Chapter 14 examines the chemistry of alkanes and alkenes, the two principal classes of hydrocarbon encountered at AS Level. The chapter develops both the synthetic routes by which these compounds are prepared and the mechanistic reasoning that underlies their reactivity.

Alkanes are addressed first. Their general unreactivity towards polar reagents is accounted for in terms of C-H bond strength and low polarity. The combustion of alkanes is described for both complete and incomplete conditions, and the environmental consequences of carbon monoxide, nitrogen oxides and unburned hydrocarbons from internal combustion engines are noted. Free-radical substitution by chlorine or bromine under ultraviolet light is treated in mechanistic detail, with initiation, propagation and termination steps described explicitly. The chapter also examines how cracking is used industrially to obtain more useful shorter-chain products from heavier crude oil fractions.
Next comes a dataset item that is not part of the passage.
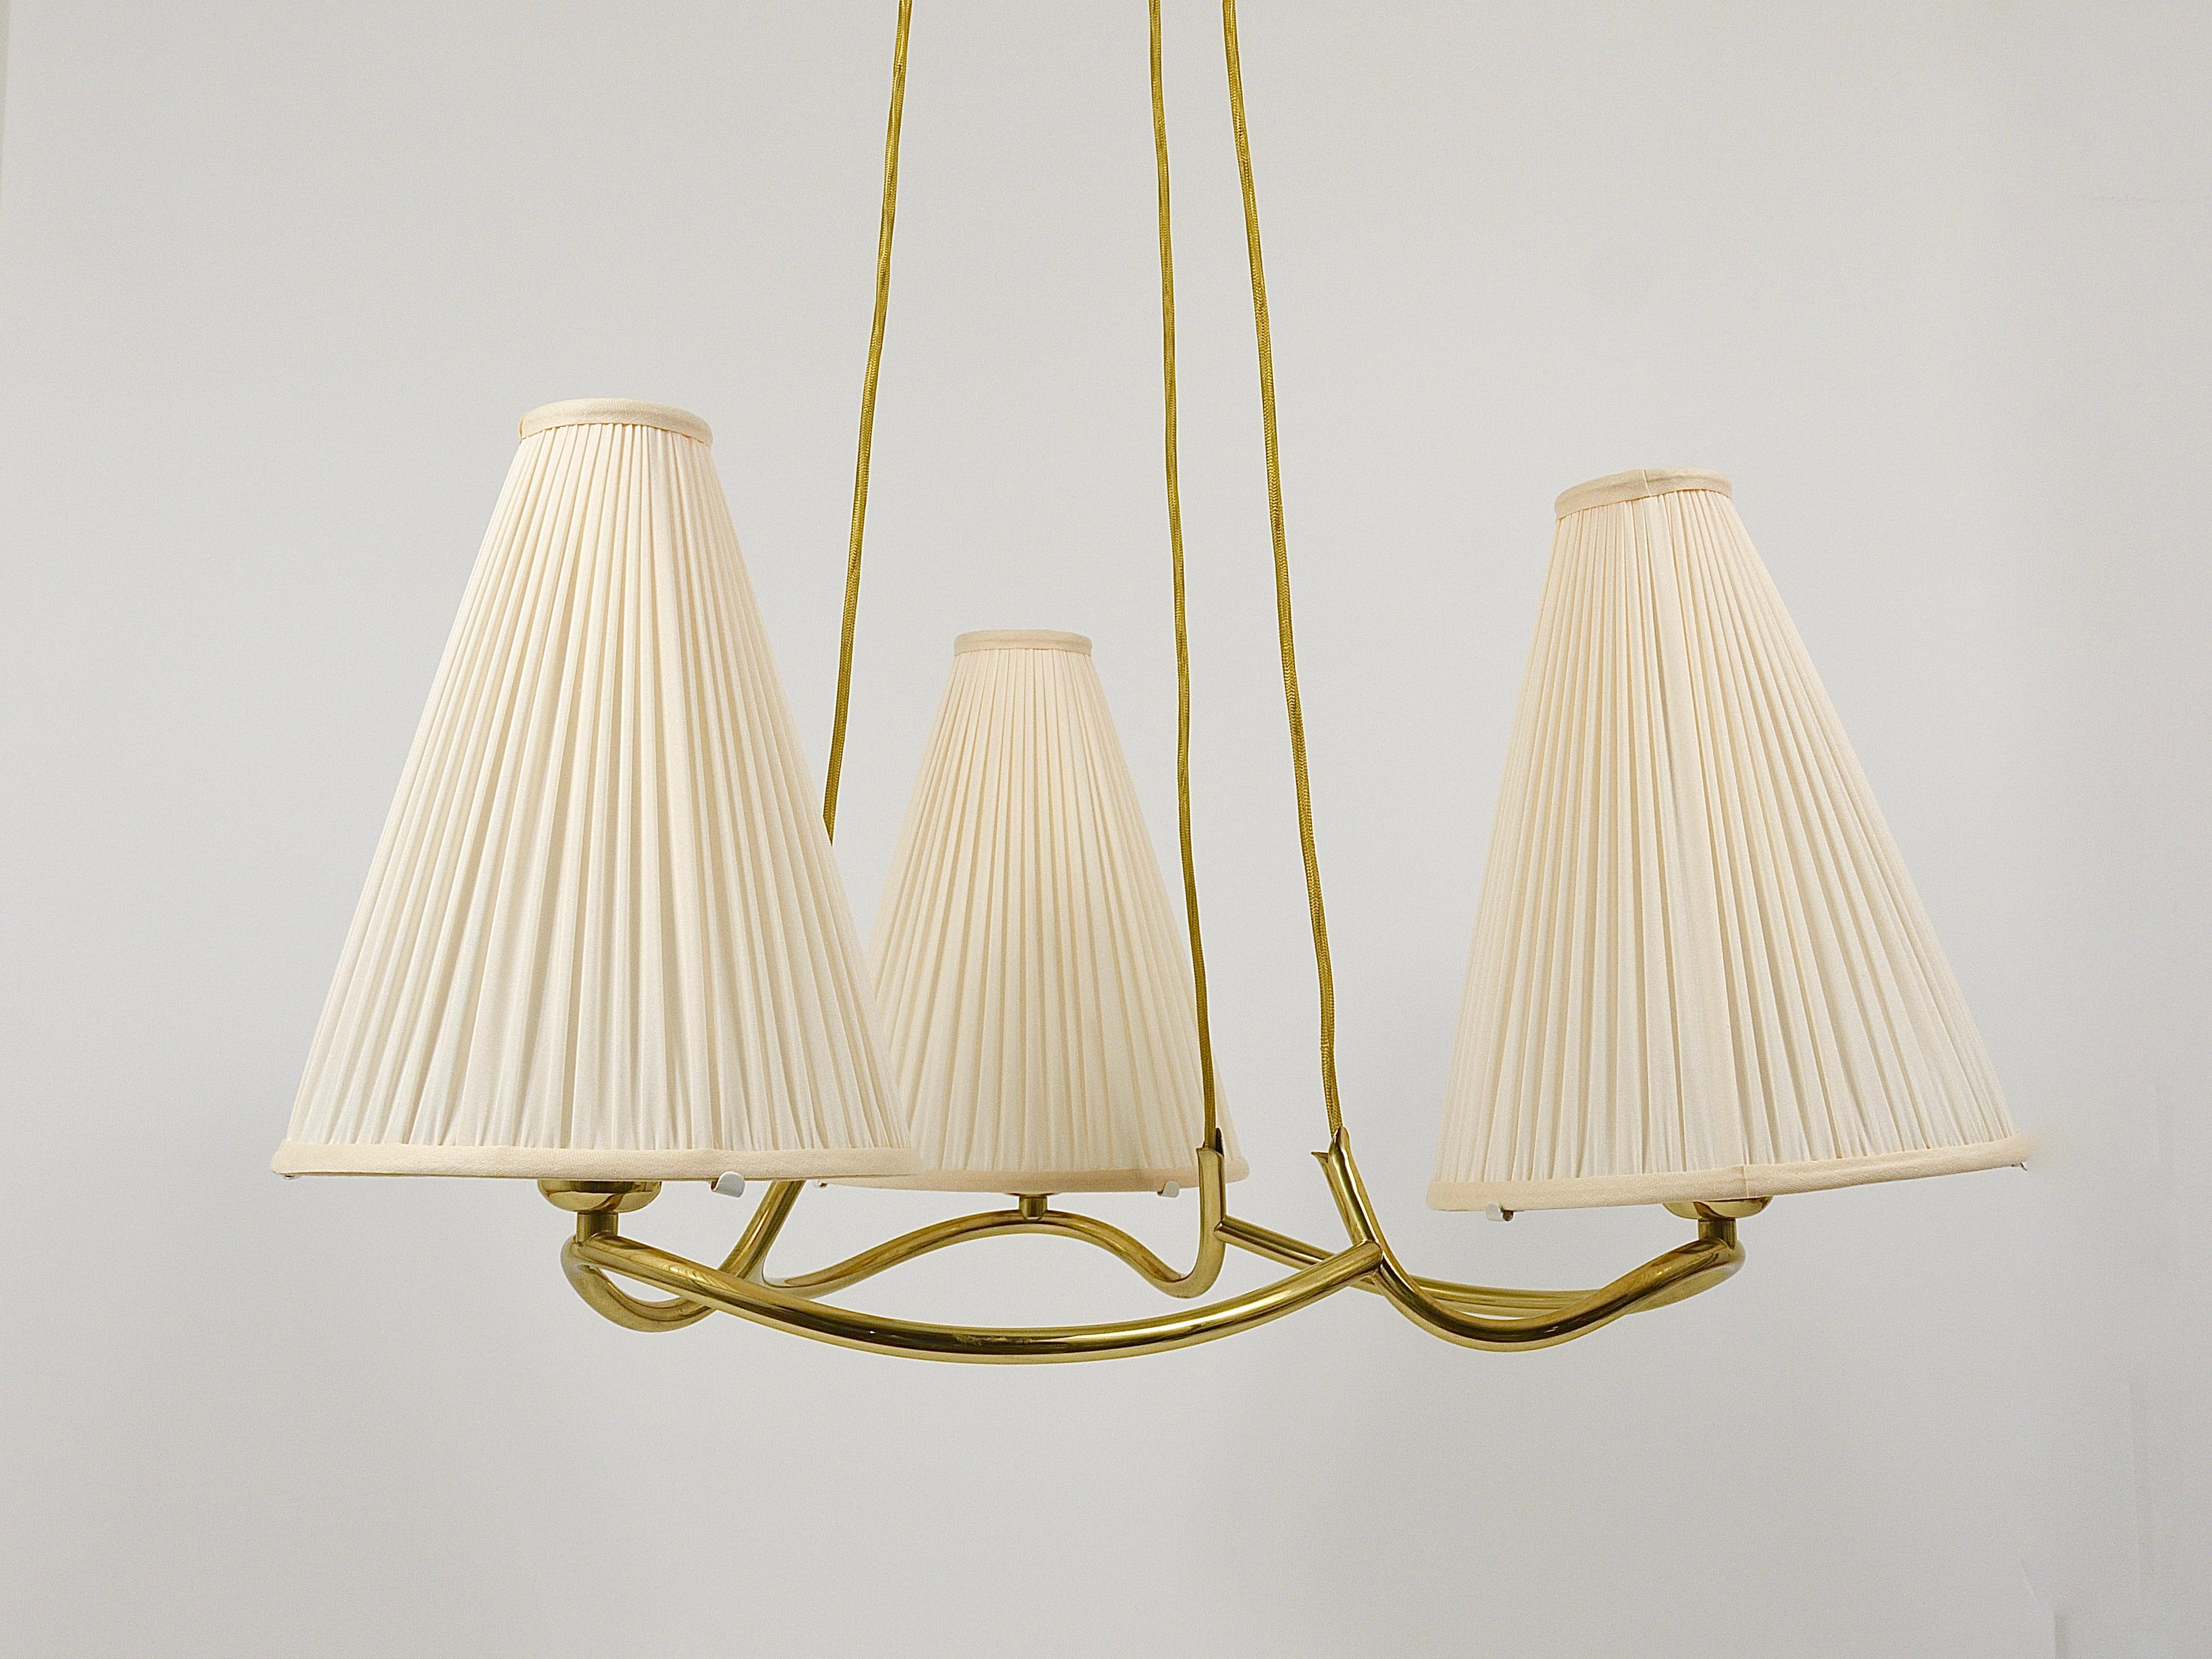 A beautiful and elegant brass chandelier, model „Heron“, manufactured by J.T. Kalmar Vienna in the early 1950s. This sculptural chandelier has a wonderfully curved brass frame, it offers three light sources with conical lampshades and hangs on

The chapter then turns to alkenes, where the presence of the pi bond introduces a markedly different reactivity profile. The electrophilic addition mechanism is described using bromine and hydrogen bromide as examples, and the regioselectivity of addition to unsymmetrical alkenes is rationalised through the inductive stabilisation of carbocations, leading to Markovnikov's rule. Oxidation by cold dilute acidified potassium manganate(VII) to give a diol, and by hot concentrated acidified potassium manganate(VII) with rupture of the double bond, are both described. The chapter closes with addition polymerisation and the use of aqueous bromine as a test for the presence of a carbon-carbon double bond.